Okay. . totally OT, but gonna ask anyway

iVillage Member
Registered: 09-25-2003
Okay. . totally OT, but gonna ask anyway
13
Fri, 04-30-2004 - 9:43am

I know this has NOTHING to do with SAH/WOH, but I don't participate on any of the other debate boards so I don't feel comfortable raising these questions elsewhere.


I'm sure by know you've all heard of the tragic and heroic death of Spc (now Cpl) Pat Tillman, the former Phoenix Cardinal football player who left the NFL and a 3+million dollar contract to join the Army.

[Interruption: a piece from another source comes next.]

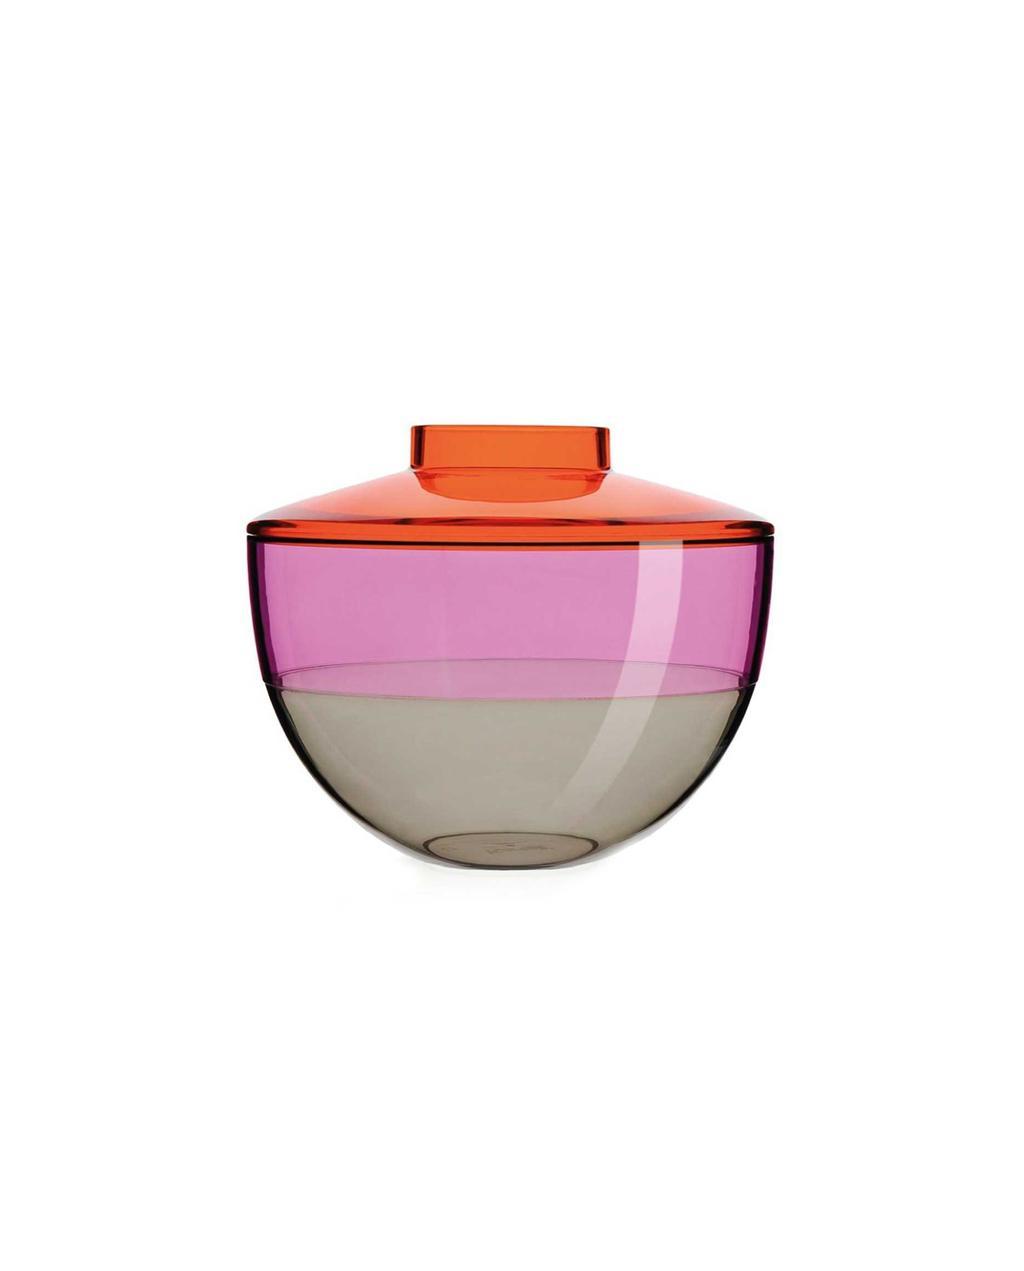 Glazen vaas met oranje roze en grijze kleuren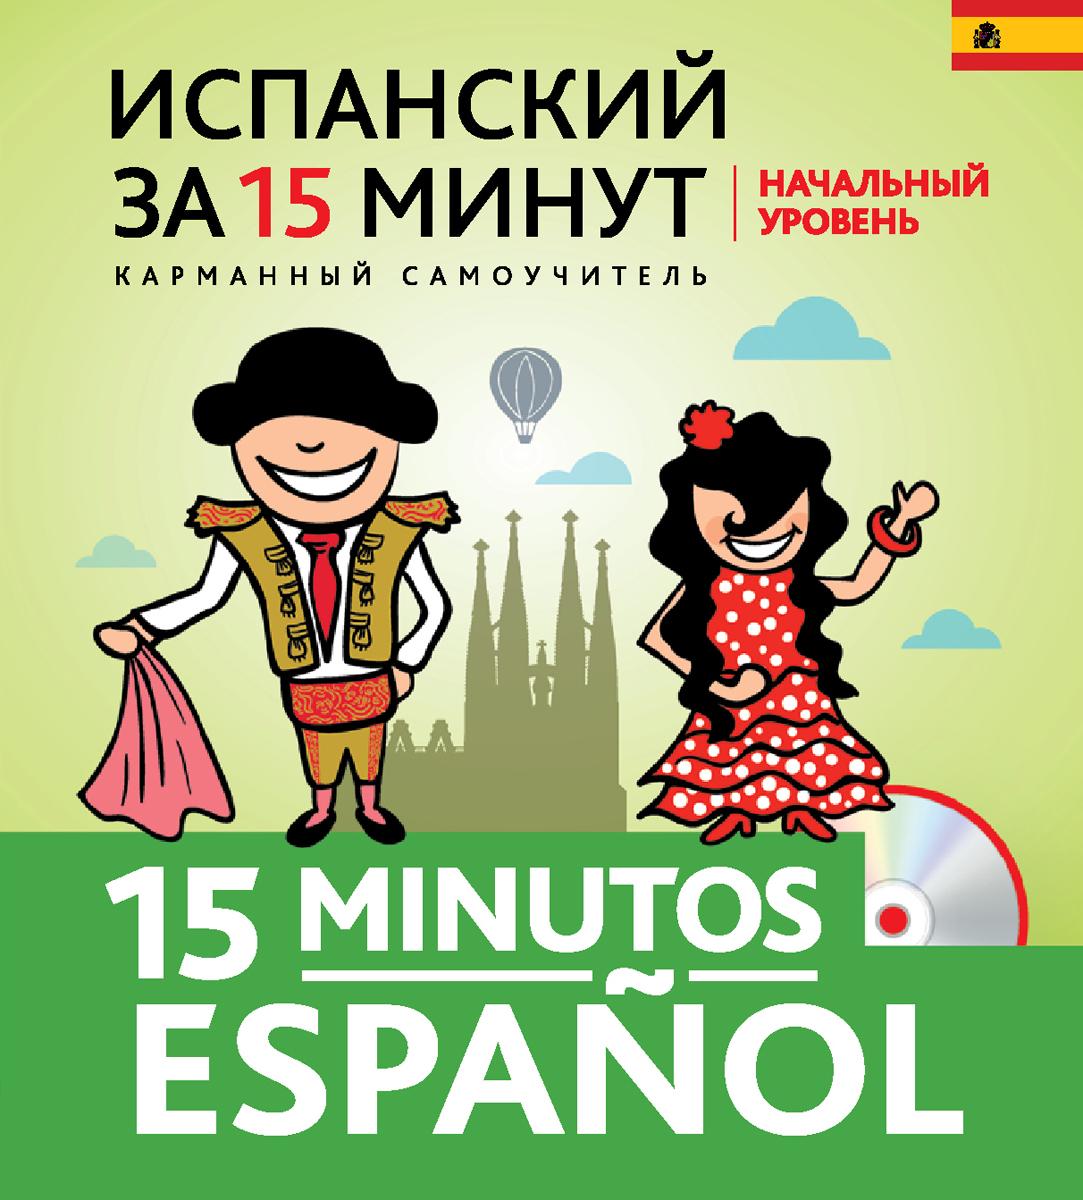 Е. В. Ермакова, Л. В. Константинова Испанский за 15 минут. Начальный уровень (+ CD) стоимость

I applaud Cpl Tillman for his service and am humbled by the sacrifice of his life for our country, but what I'm wondering is what message does the media frenzy over his tragic death say to the families of other soldiers who've made the same ultimate sacrifice. . .and are mere numbers to the media?


Are those soldiers less worthy because they weren't 'famous' before their service and death?


Are those soldiers assumed to have had nothing else to live for or other career options other than the Army, as opposed to Cpl Tillman who 'gave up so much'?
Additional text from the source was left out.